Apologists for the public schools continue to blame the achievement gap between groups on social pathologies and shortcomings in the innate abilities of entire groups. But if social or IQ determinism were true, then the closing of the achievement gap between social and racial groups in liberal democracies such as France would have been impossible to achieve. Those nations have never subscribed to the romantic emphasis on process over content that has dominated our public schools since the 1950s.

If school integration had fulfilled its promise, as it might have done, academic achievement would now be more randomly distributed among social groups. There would be far less need for affirmative action in college admissions. It is one of the tragic ironies of the past half century that the desegregation of public schools occurred just when, after many decades of teacher indoctrination, progressivism successfully abolished an emphasis on traditional academic content. By the 1970s and 1980s the public schools into which black and white first graders were integrated were places where the cultural lore necessary to full participation in society was inconsistently taught. Some children were exposed to the necessary vocabulary and knowledge at home. Those who lacked exposure to literate culture outside school received it nowhere. At the moment of highest hope, the triumph of antiacademic romanticism foreclosed the chance that school integration would equalize academic achievement and foster social justice.

For Jefferson, Mann, and Du Bois, the animating purpose of democratic education was to make everyone’s life chances independent of who one’s parents were. They knew only one way to do this—through the device of the "common school" with a common curriculum. Each child in a grade must learn what he or she needs to know in order to be ready to learn the lessons of the next grade. Education is a slow and cumulative process. Knowledge builds upon knowledge, skill upon skill. With an effective curriculum and hard work, the children of the poor can catch up with the children of the rich.

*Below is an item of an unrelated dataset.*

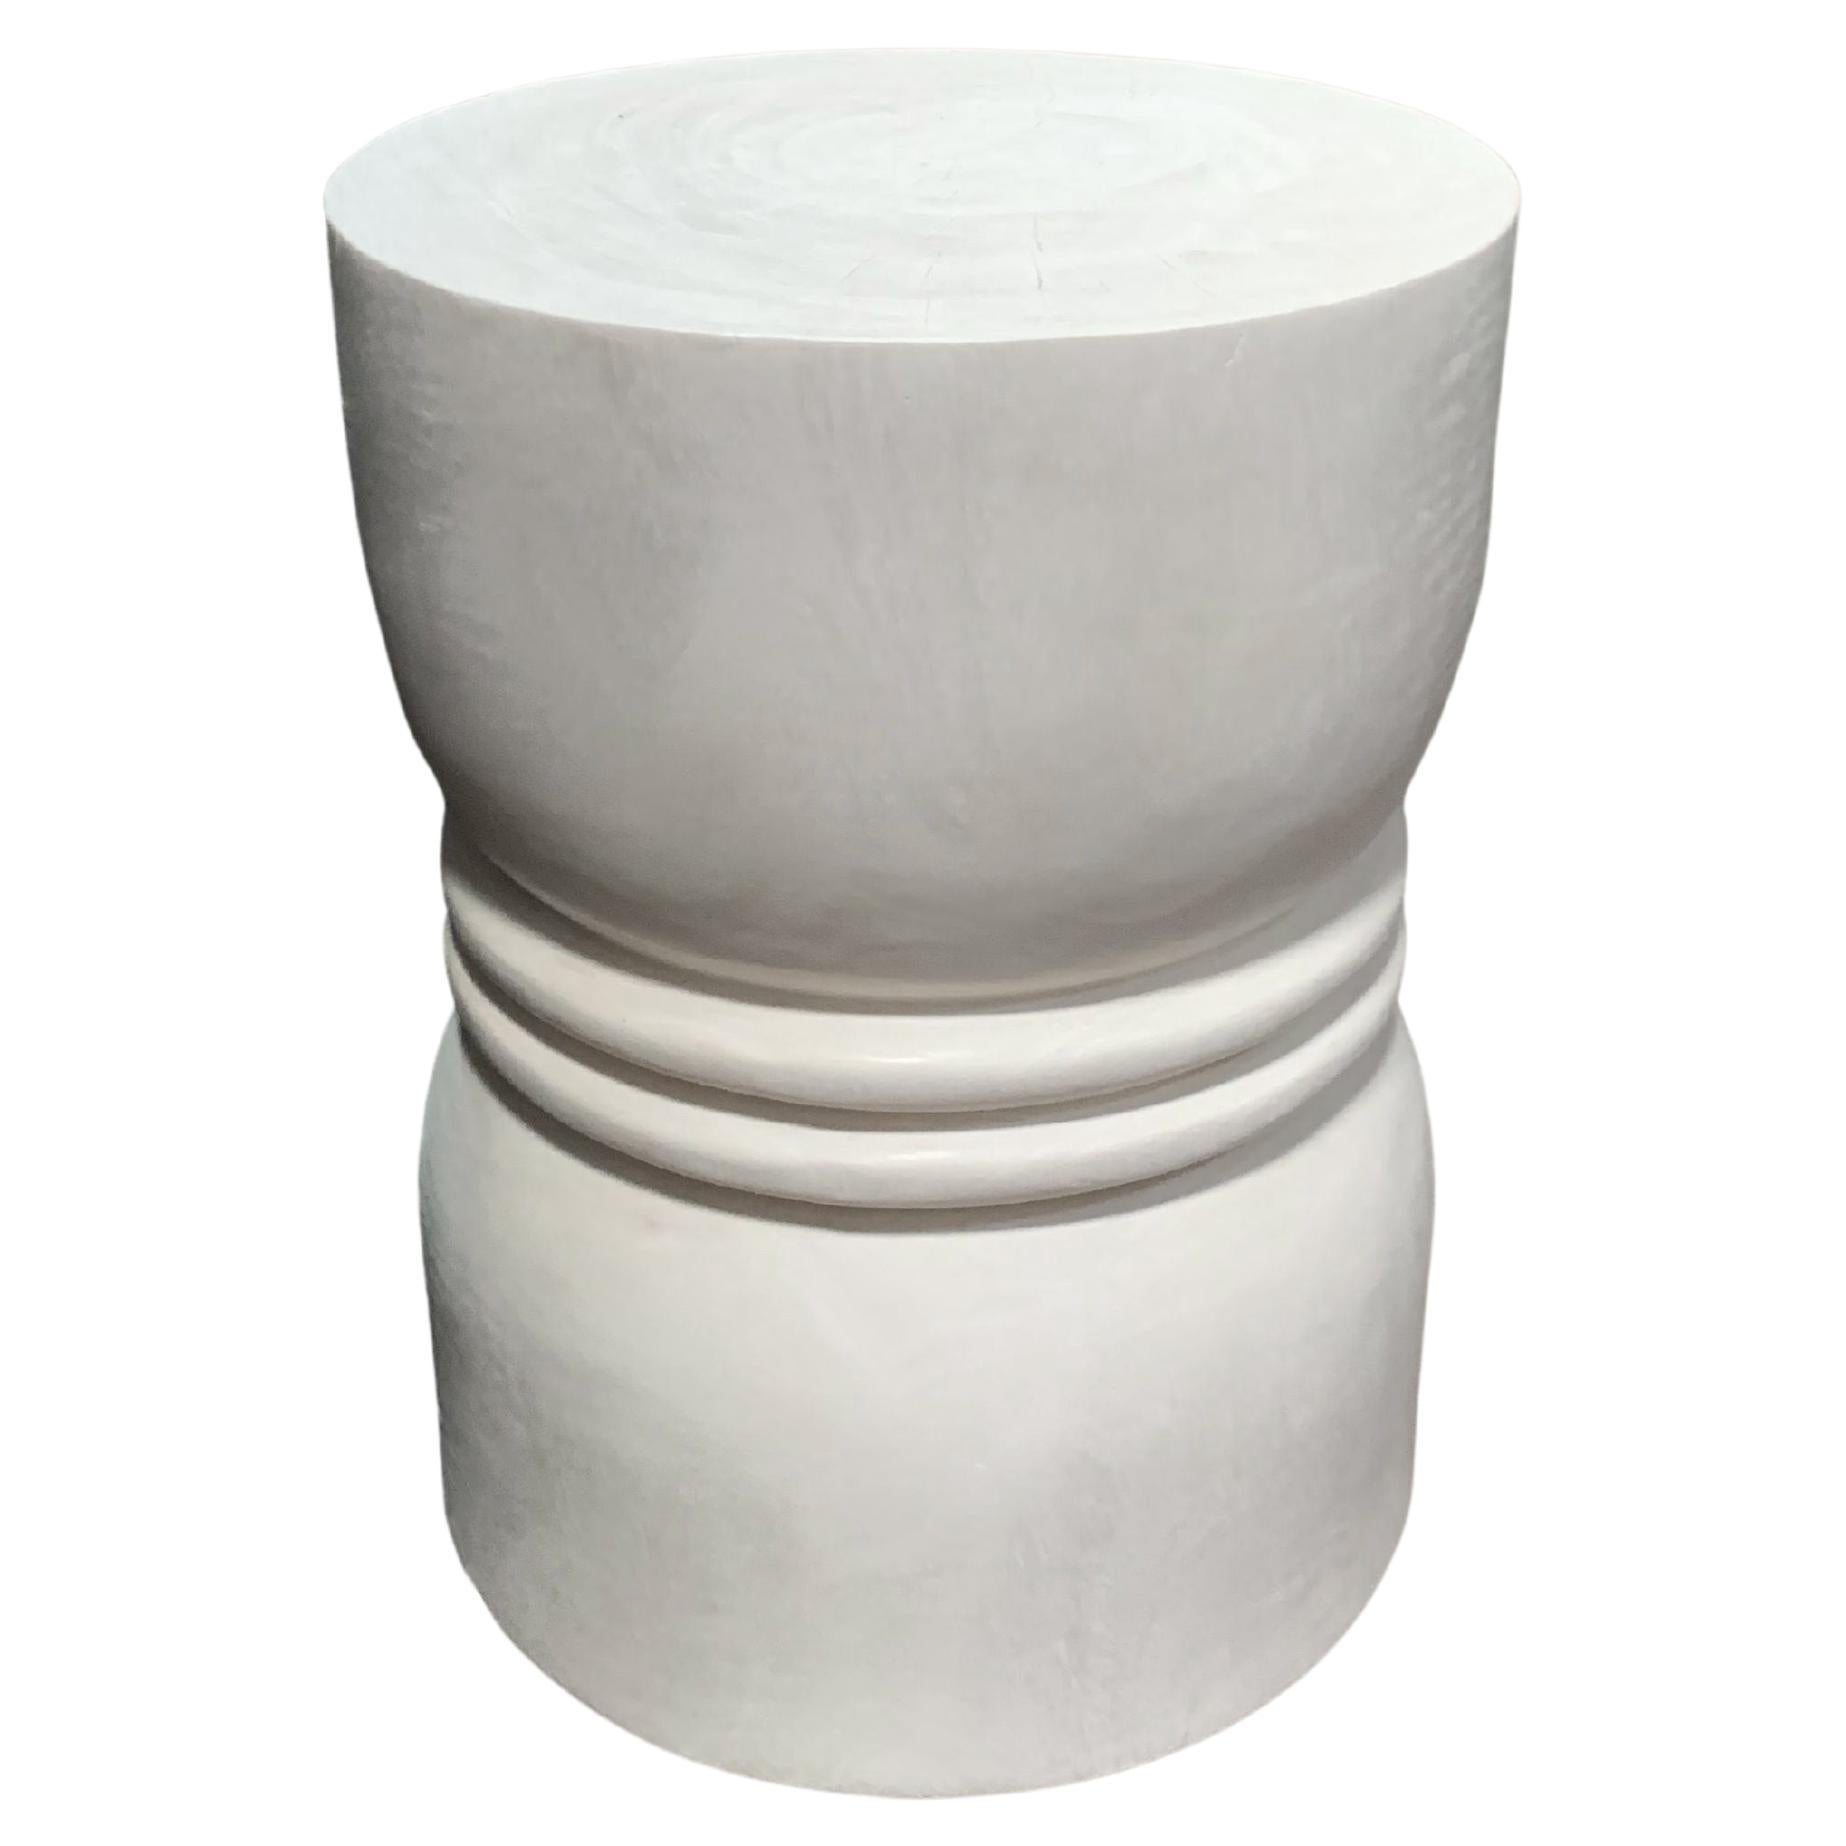 Sculptural Side Table Crafted from Mango Wood, White Finish

Du Bois was himself the product of the New England common school and would have scorned the sentimental notion that each child should have his or her own special curriculum suited to his or her personality. Yet a recent issue of the widely read professional magazine Educational Leadership once again attacks such commonality in favor of the romantic ideal of "personalized learning." All innocent of the irony, the editors have placed on the cover a photograph of a young African-American boy. "Common learning" would have been a better theme. The re-creation of the common school is the chief unfinished business of the civil rights movement. Public education in a democracy has no more right to segregated knowledge than to segregated schools.